Baking powder selected from the group consisting of cellulose itself (such as microcrystalline cellulose, super fine grain cellulose, Poperechnaya sodium carboxymethylcellulose, Poperechnaya hydroxypropylcellulose, starch itself (such as starch glycolate, sodium, pre-gelatinizing starch, maize starch, potato starch, rice starch, wheat starch), and other (such as poperechnyy polyvinylpyrrolidone, cation exchange resin).

Binder selected from the group consisting of cellulose itself (such as sodium carboxymethylcellulose, hydroxypropylcellulose, hypromellose, methylcellulose), polymers (such as polyvinylpyrrolidone, polyethylene glycol), types of gelatin (such as hydrolyzed gelatin) and traditional binding substances (such as grahm is l, natural gum).

Lubricating substance selected from the group consisting of insoluble lubricants (such as magnesium stearate, calcium stearate, zinc stearate, stearic acid, oil, talc, sodium fumarate) and soluble lubricants (such as polyethylene glycol, sodium benzoate, sodium lauryl sulphate).
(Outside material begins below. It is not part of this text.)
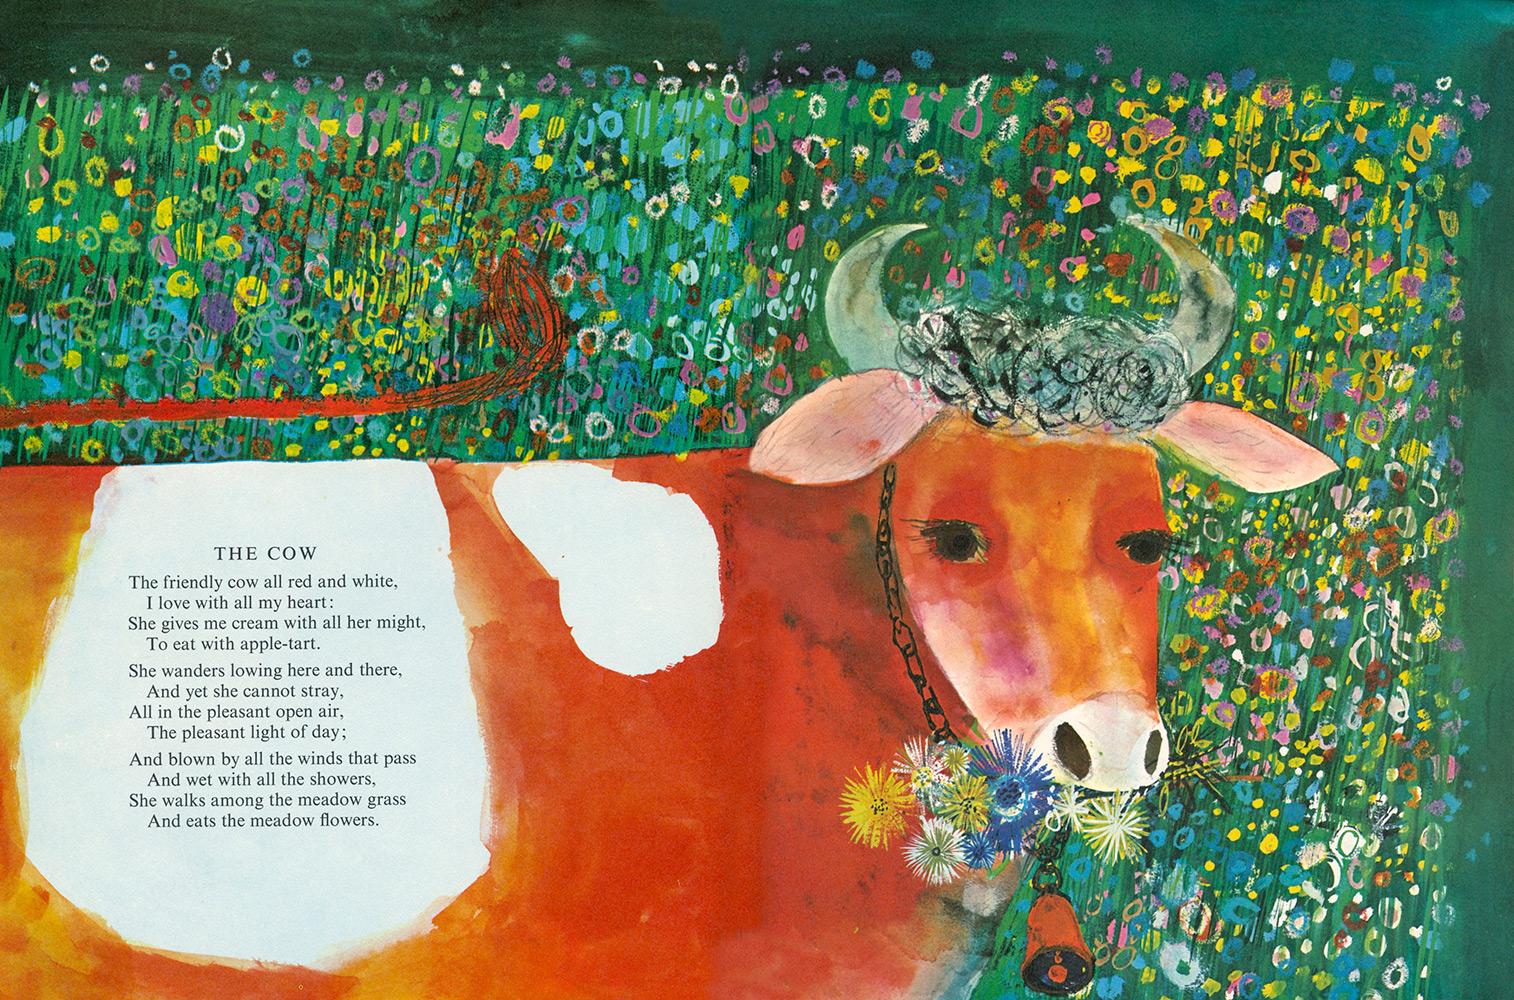 Robert-Louis-Stevenson-a-childs-garden-of-verses-The-Cow-Brian-Wildsmith.jpg
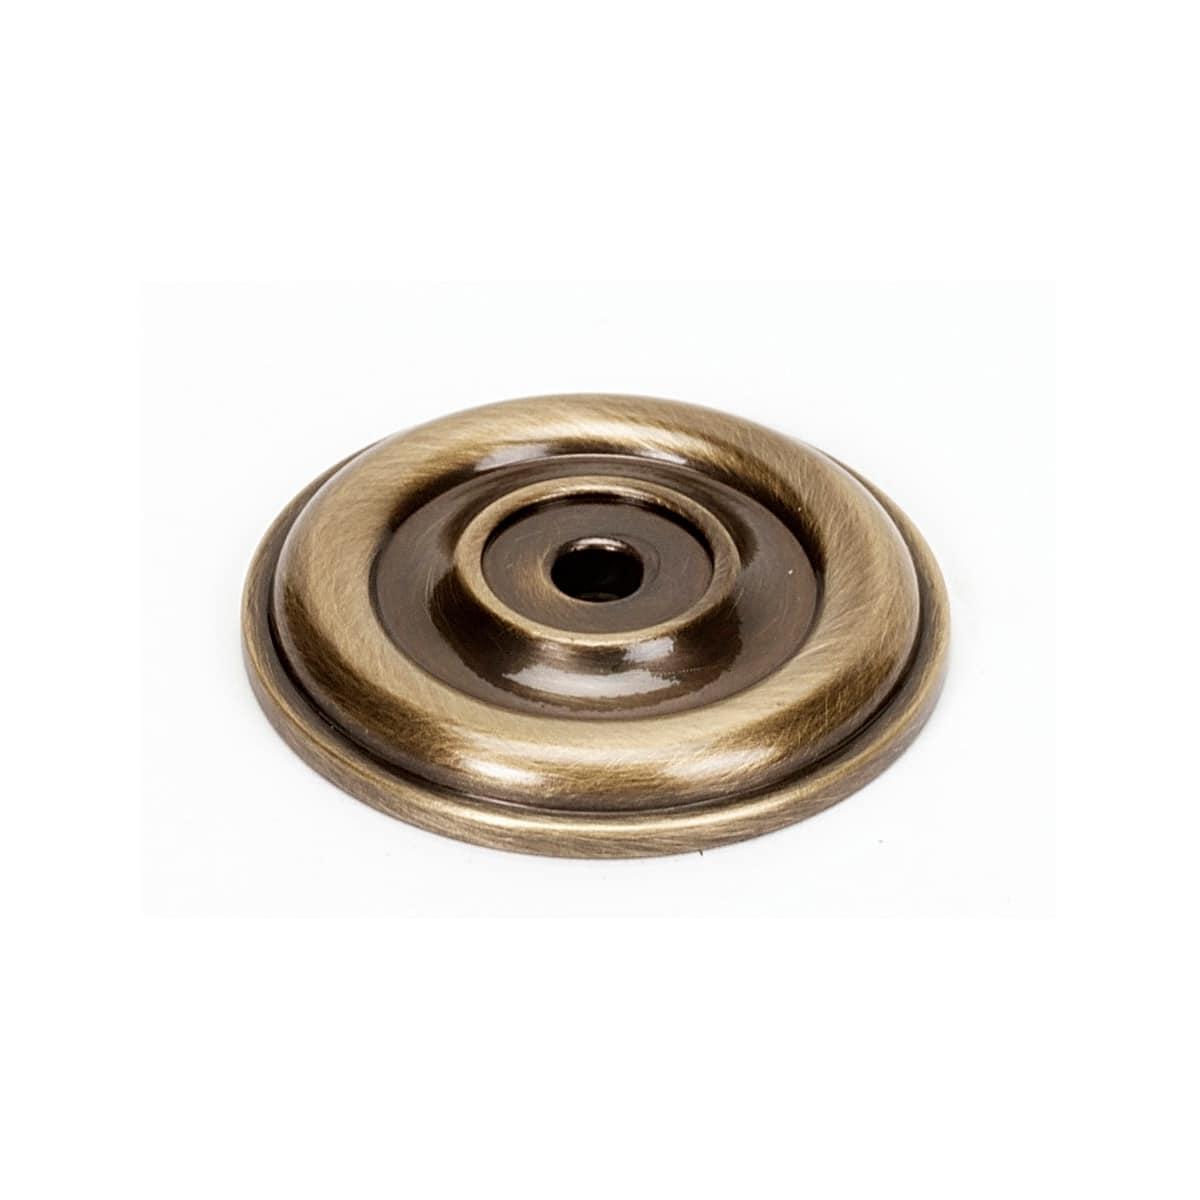 Alno Bella 1-3/8 Inch Diameter Cabinet Knob Backplate

In the preparation according to the invention preferably included different components in the following proportions, calculated in percent mass./mass. end tablets:

Thrombin inhibitor: 1-35%, preferably 1-15%.
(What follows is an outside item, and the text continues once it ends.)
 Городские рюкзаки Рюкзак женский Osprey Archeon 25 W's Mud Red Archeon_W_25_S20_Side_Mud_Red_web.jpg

Filler: 35-90%, preferably 45-80%, in the case of microcrystalline cellulose 50-90%, preferably 60-80%, and most preferably 72-76%, in the case nanobuduschego filler 0-50%, in the case of mannitol, 0-15%, preferably 5-10%.

Baking powder: 0-35%, preferably 7-35%, in the case of starch glycolate, sodium 3-20%, preferably 5-10%.

Binder: 0-15%, preferably 4-12%, in the case of polyvinylpyrrolidone 3-15%, preferably 5-10%.

Grease: 0-5%, preferably 0.5 to 1.5%, in the case of fumarate sodium 0.5 to 1.5%, preferably more than 1%.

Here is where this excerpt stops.